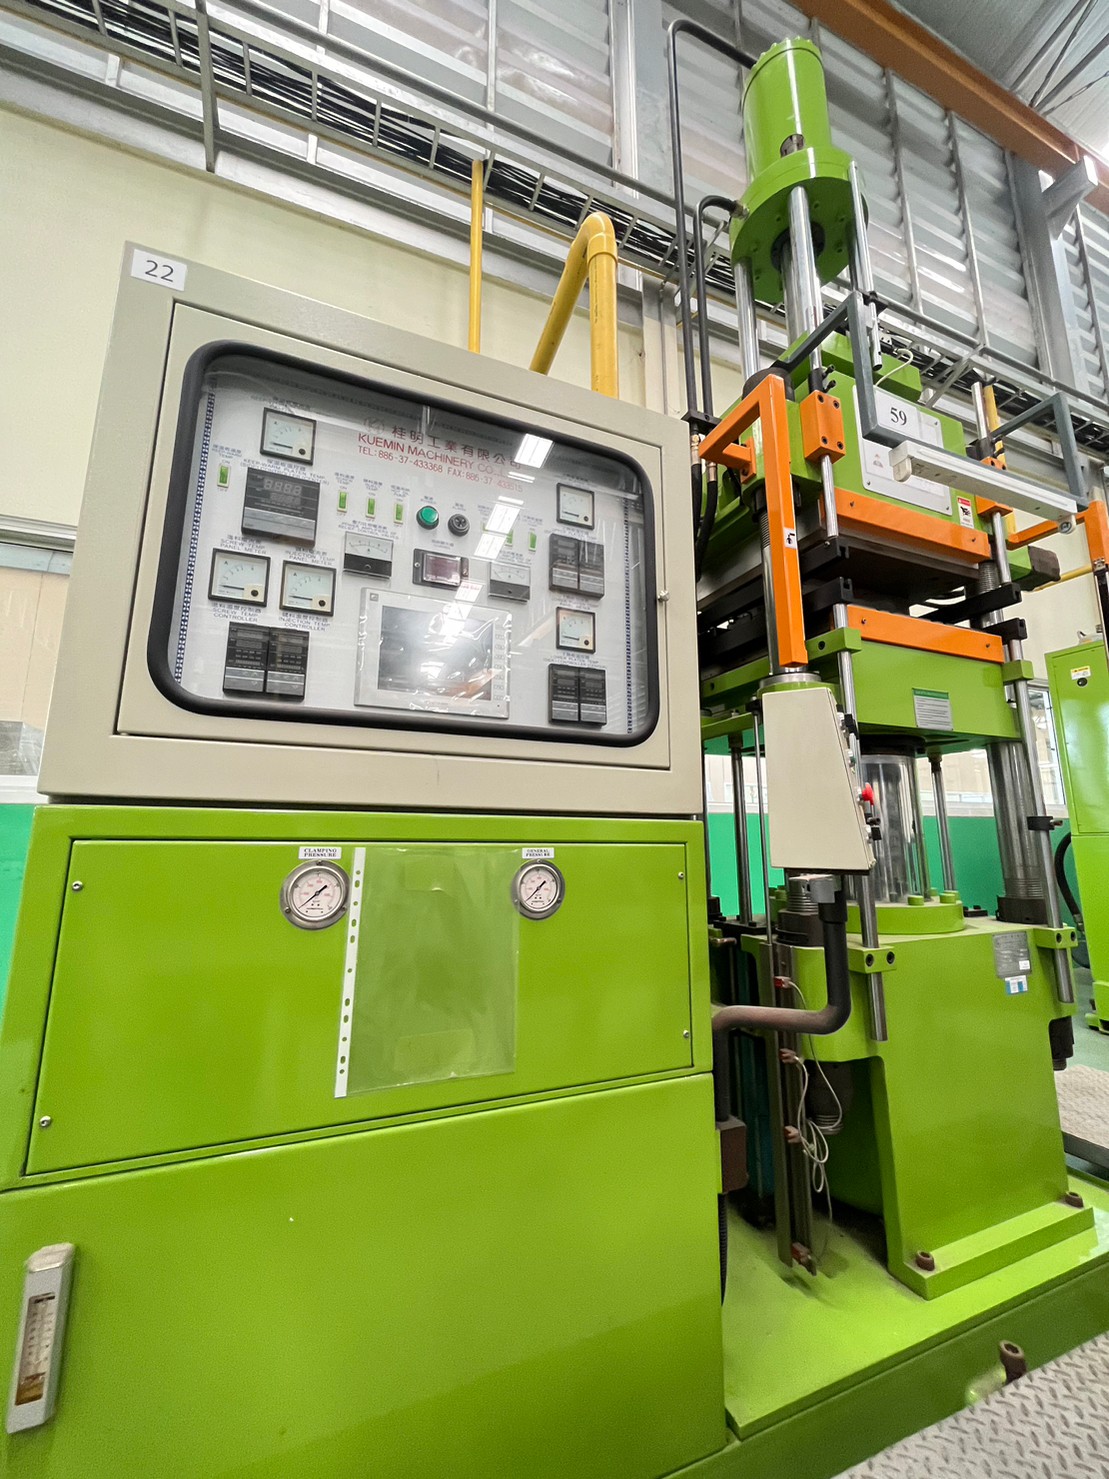 RUBBER INJECTION MOLDING 200 Ton
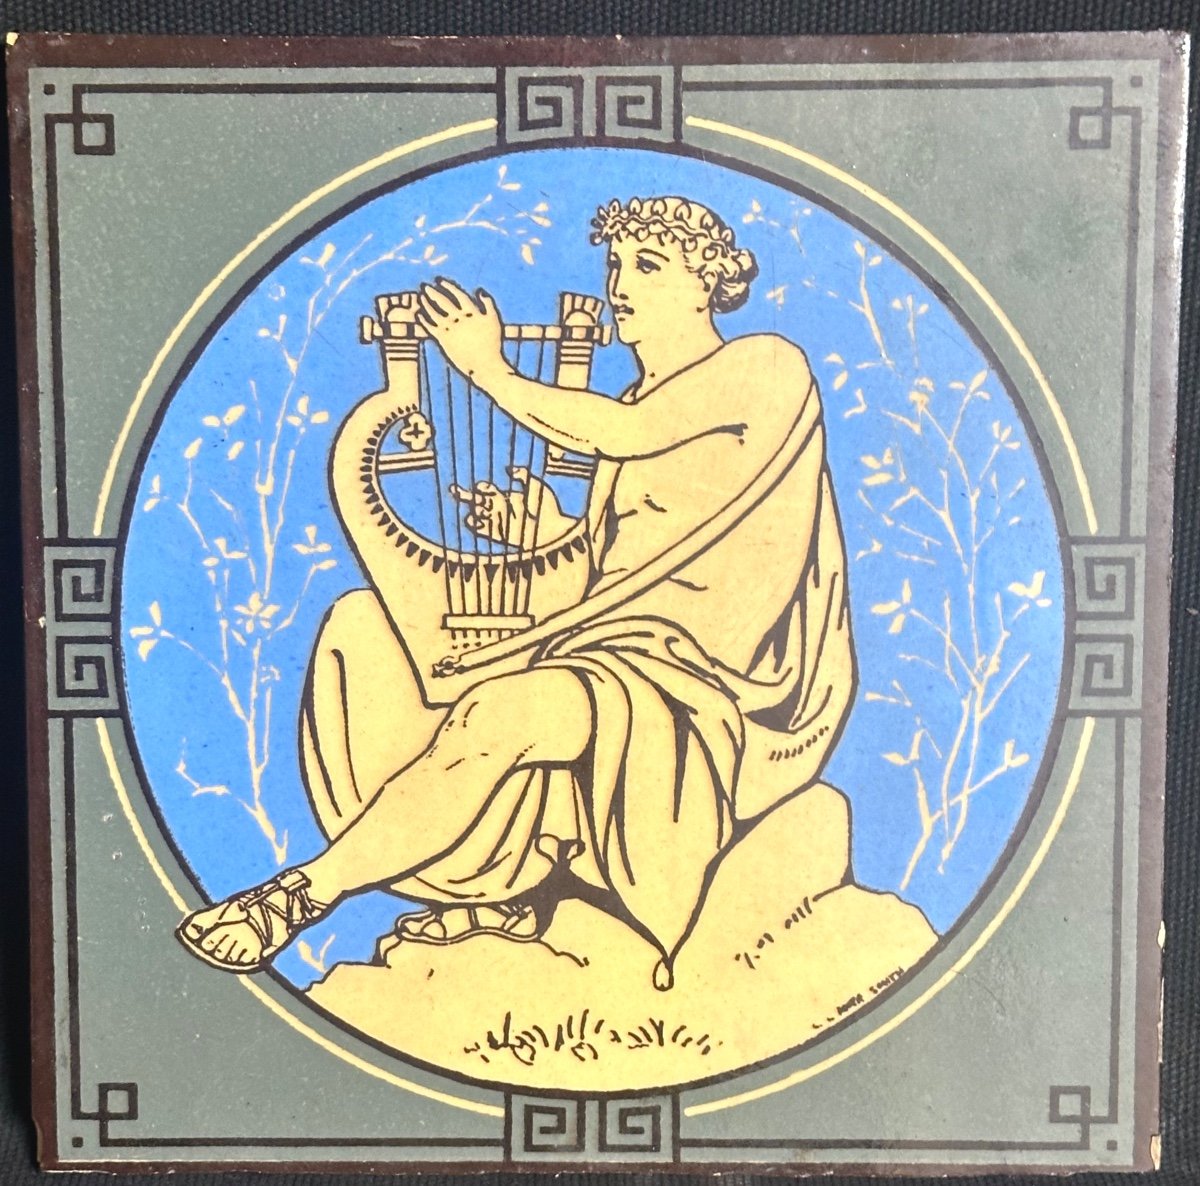 Minton Pair Of Earthenware Tiles Signed Moyr Smith 1839-1912 Mintons Stroke Upon Trent Music-photo-3
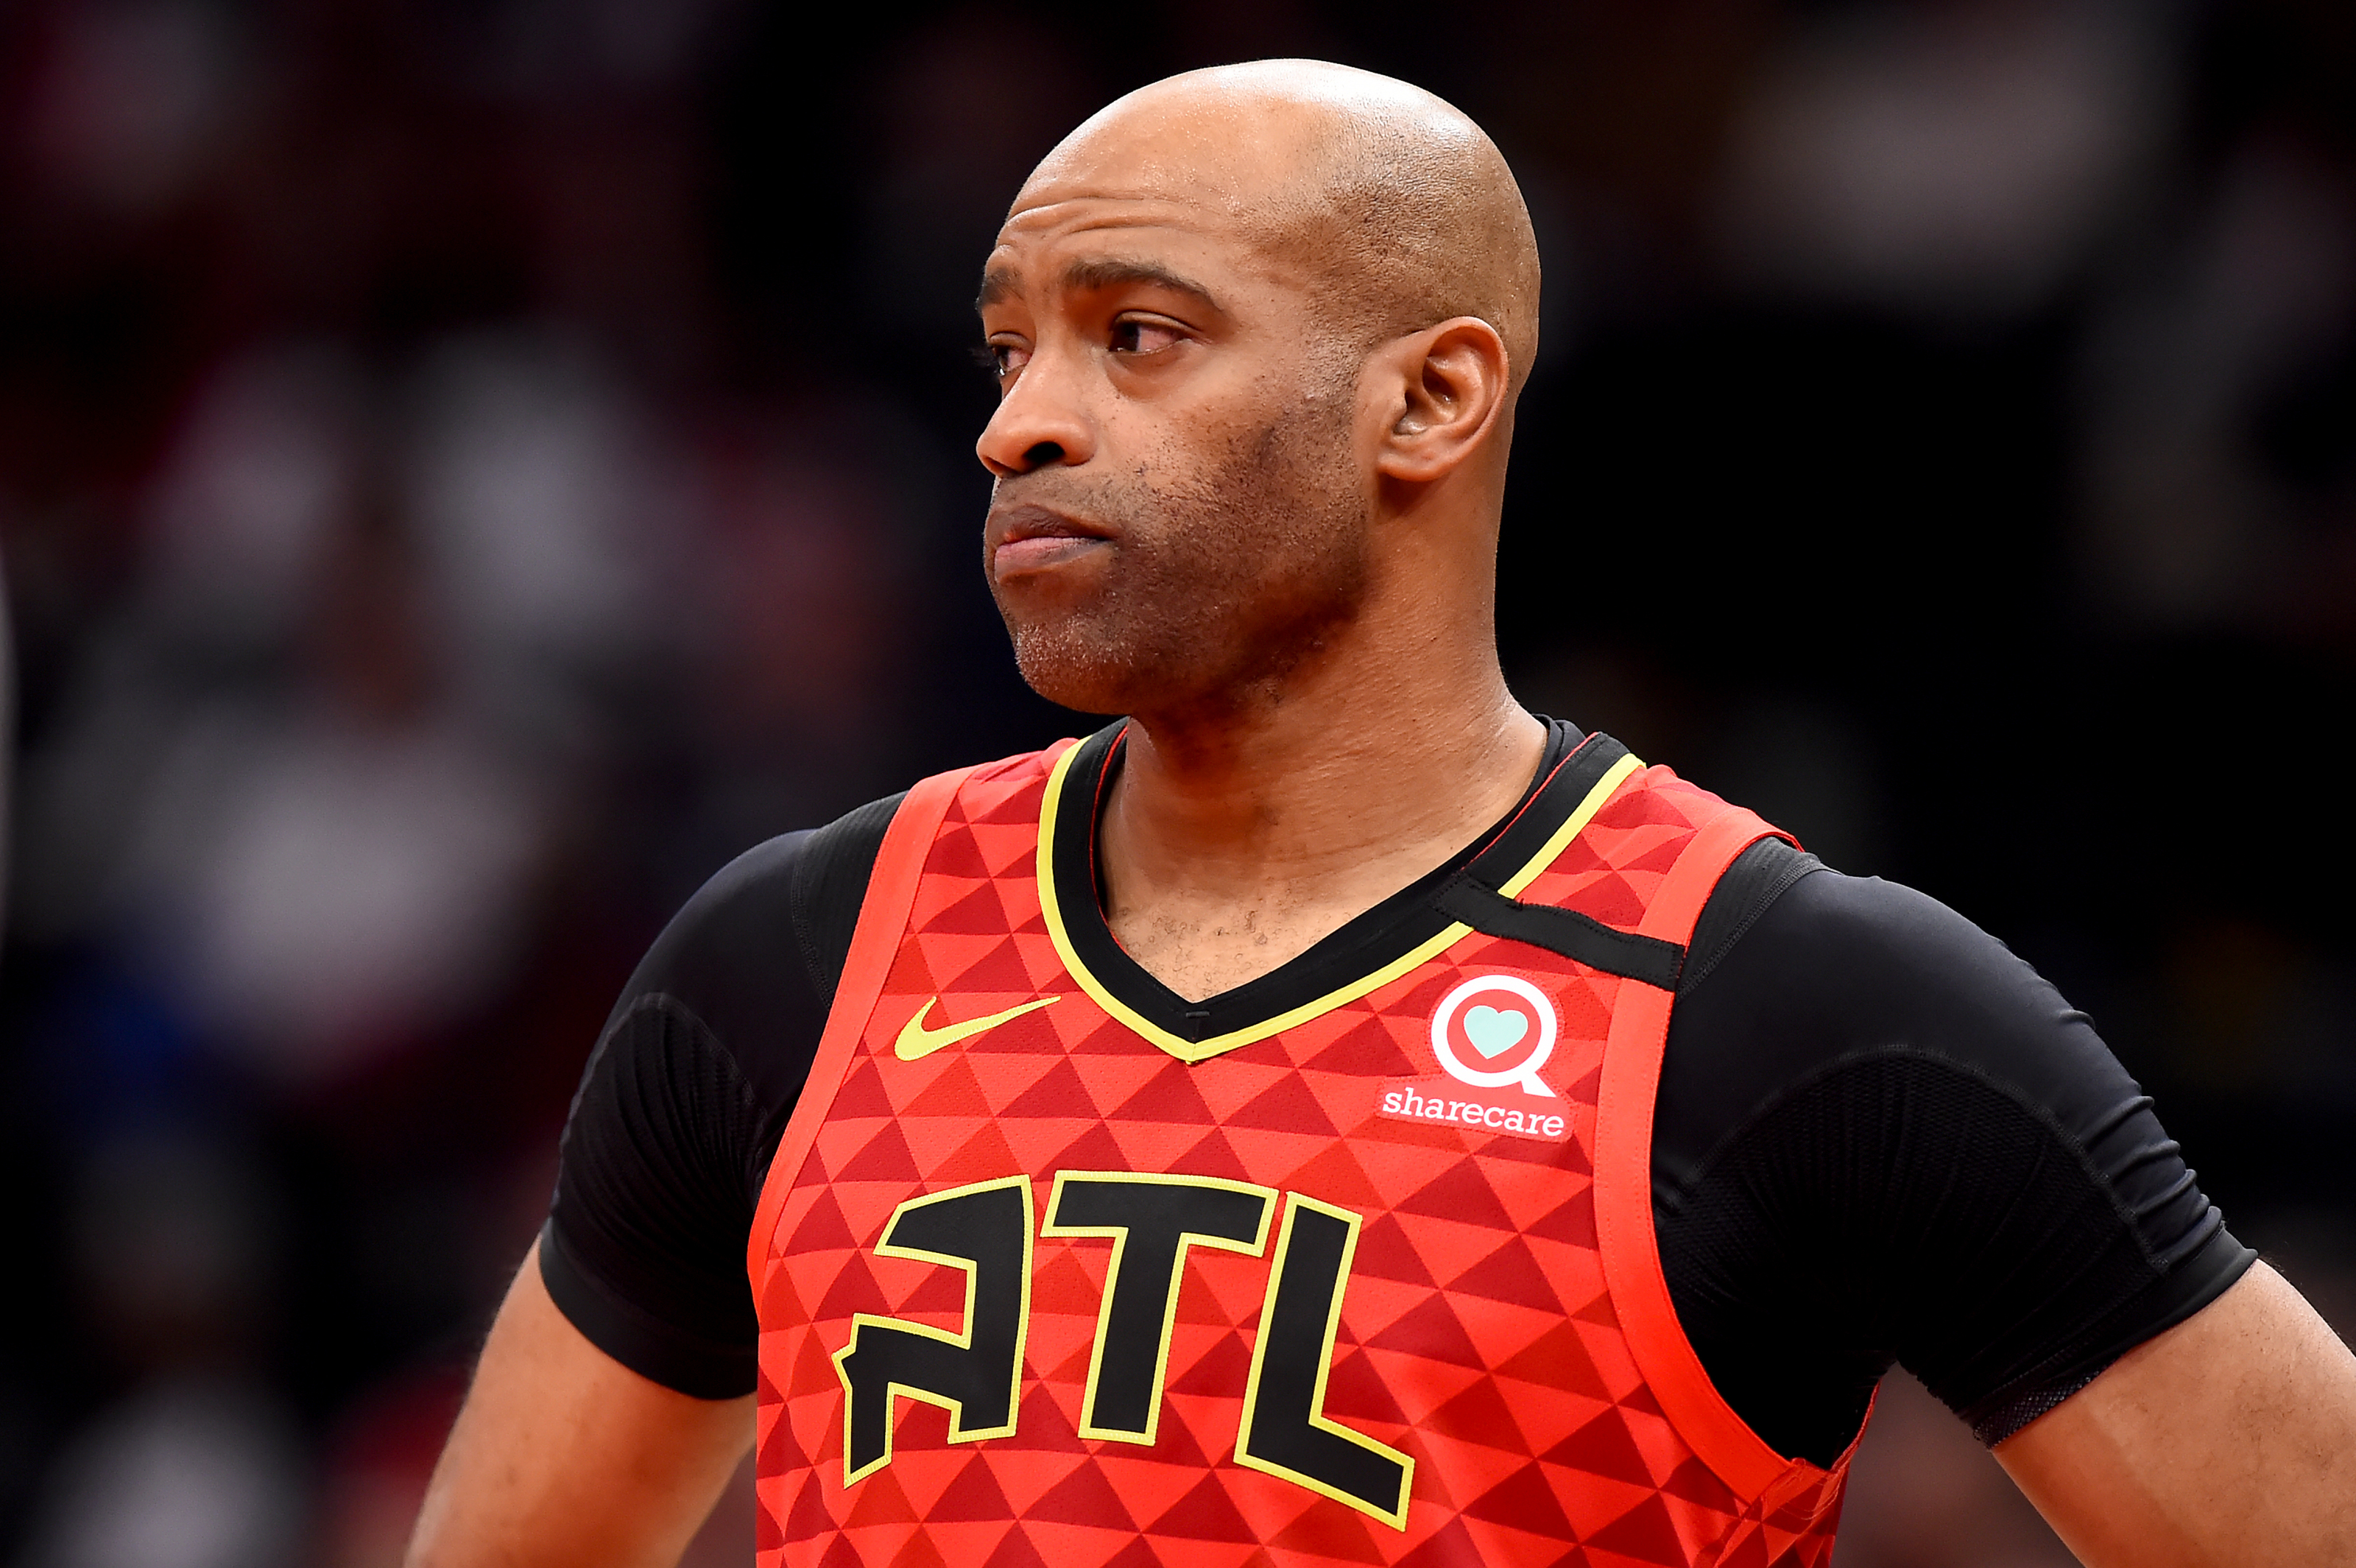 By The Numbers: Vince Carter's career with the Toronto Raptors
--
▶ _Task to complete_:
Every line from the one holding "Minton Pair Of" to the last line of the listing above, inclusive, must appear exactly as written, and no picture may appear.

▶ _Written response_:
 Minton Pair Of Earthenware Tiles Signed Moyr Smith 1839-1912 Mintons Stroke Upon Trent Music-photo-3
 By The Numbers: Vince Carter's career with the Toronto Raptors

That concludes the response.